To get the size of each table, run the following command on your Redshift cluster:要获取每个表的大小,请在您的 Redshift 集群上运行以下命令:
SELECT "table", size, tbl_rows
FROM SVV_TABLE_INFO
table
column is the table name. table
列是表名。size
column is the size of the table in MB. size
列是表的大小(以 MB 为单位)。tbl_rows
column is the total number of rows in the table, including rows that have been marked for deletion but not yet vacuumed. tbl_rows
列是表中的总行数,包括已标记为删除但尚未tbl_rows
的行。

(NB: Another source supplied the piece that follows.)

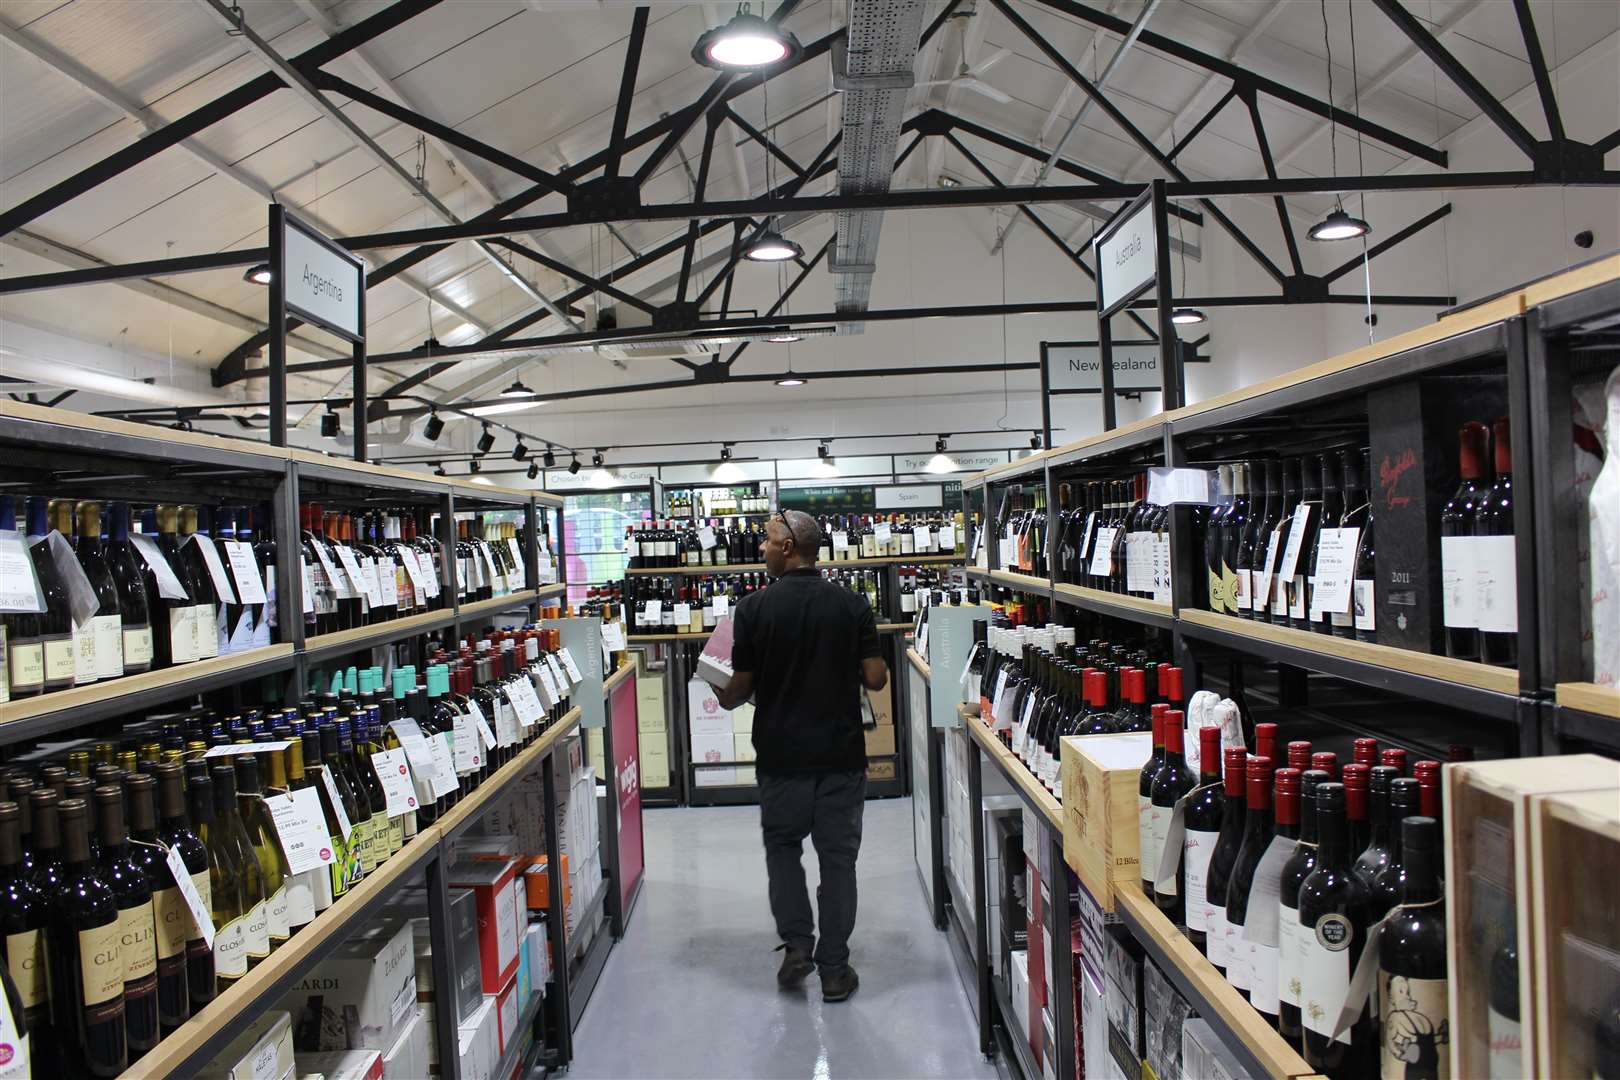 Majestic Wine has outlets in Canterbury and Tenterden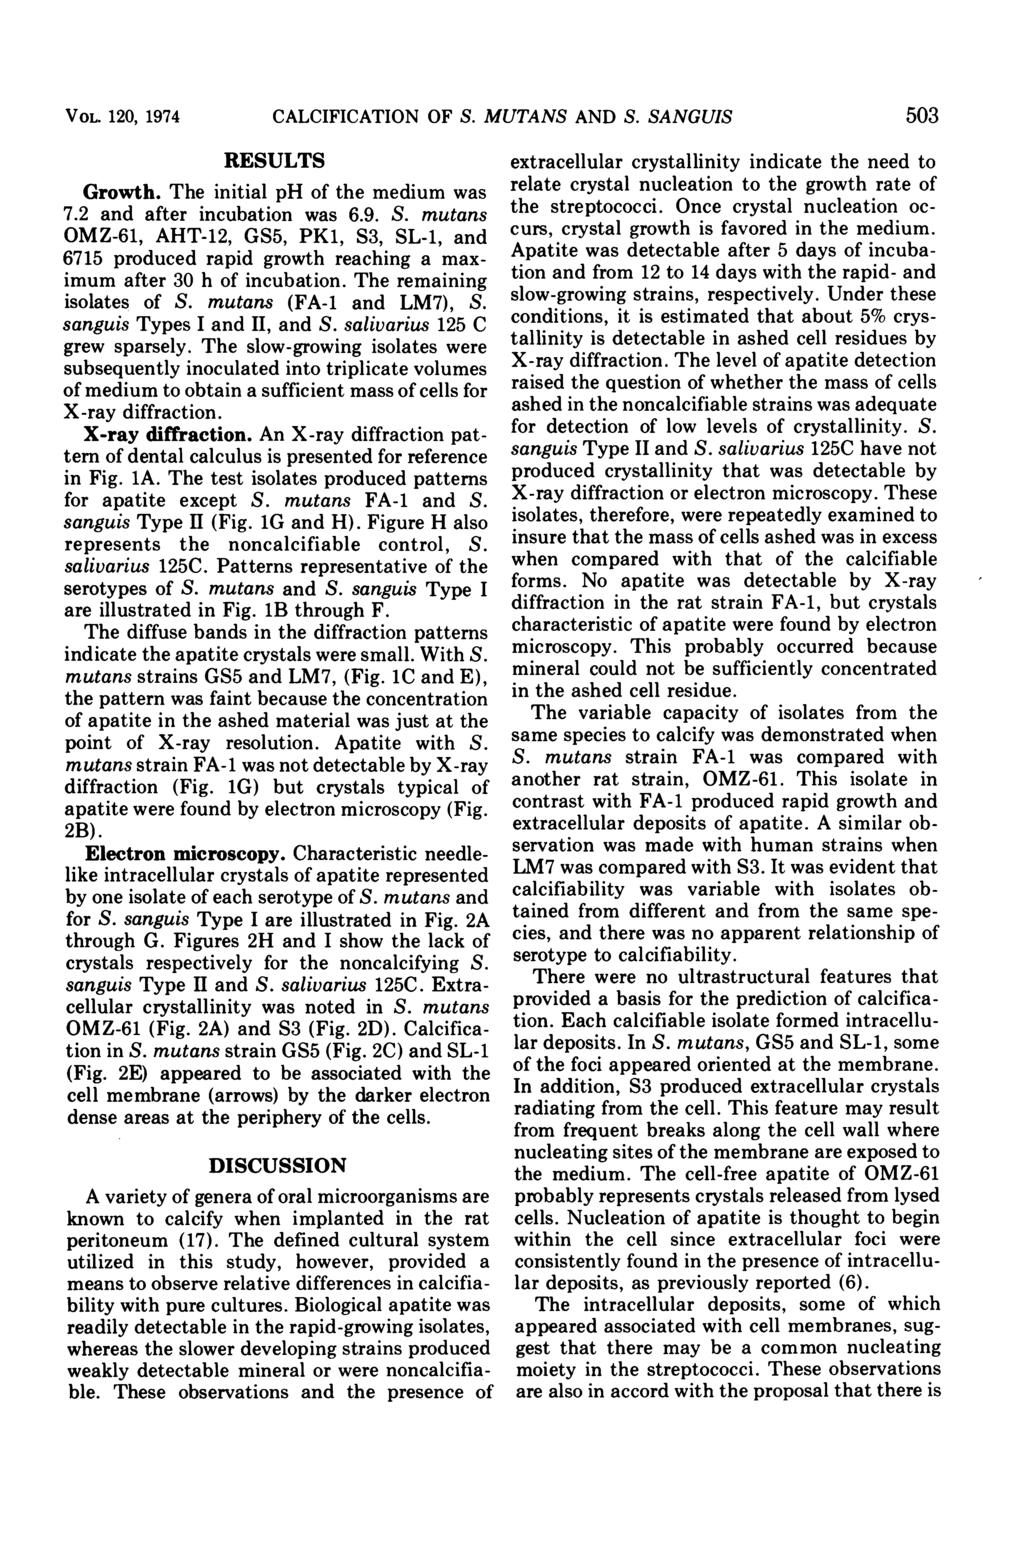 VOL. 120, 1974 CALCFCATON OF S. MUTANS AND S. SANGUS 503 RESULTS Growth. The ntal ph of the medum was 7.2 and after ncubaton was 6.9. S. mutans OMZ-61, AHT-12, GS5, PK1, S3, SL-1, and 6715 produced rapd growth reachng a maxmum after 30 h of ncubaton.

Look at SVV_TABLE_INFO
Redshift documentation for other interesting columns to retrieve from this system table.查看
SVV_TABLE_INFO
Redshift 文档以了解要从此系统表中检索的其他有趣列。
This is what I am using(please change the databasename from 'mydb' to your database name) :这就是我正在使用的(请将数据库名称从“mydb”更改为您的数据库名称):
SELECT CAST(use2.usename AS VARCHAR(50)) AS OWNER
,TRIM(pgdb.datname) AS DATABASE
,TRIM(pgn.nspname) AS SCHEMA
,TRIM(a.NAME) AS TABLE
,(b.mbytes) / 1024 AS Gigabytes
,a.ROWS
FROM (
SELECT db_id
,id
,NAME
,SUM(ROWS) AS ROWS
FROM stv_tbl_perm a
GROUP BY db_id
,id
,NAME
) AS a
JOIN pg_class AS pgc ON pgc.oid = a.id
LEFT JOIN pg_user use2 ON (pgc.relowner = use2.usesysid)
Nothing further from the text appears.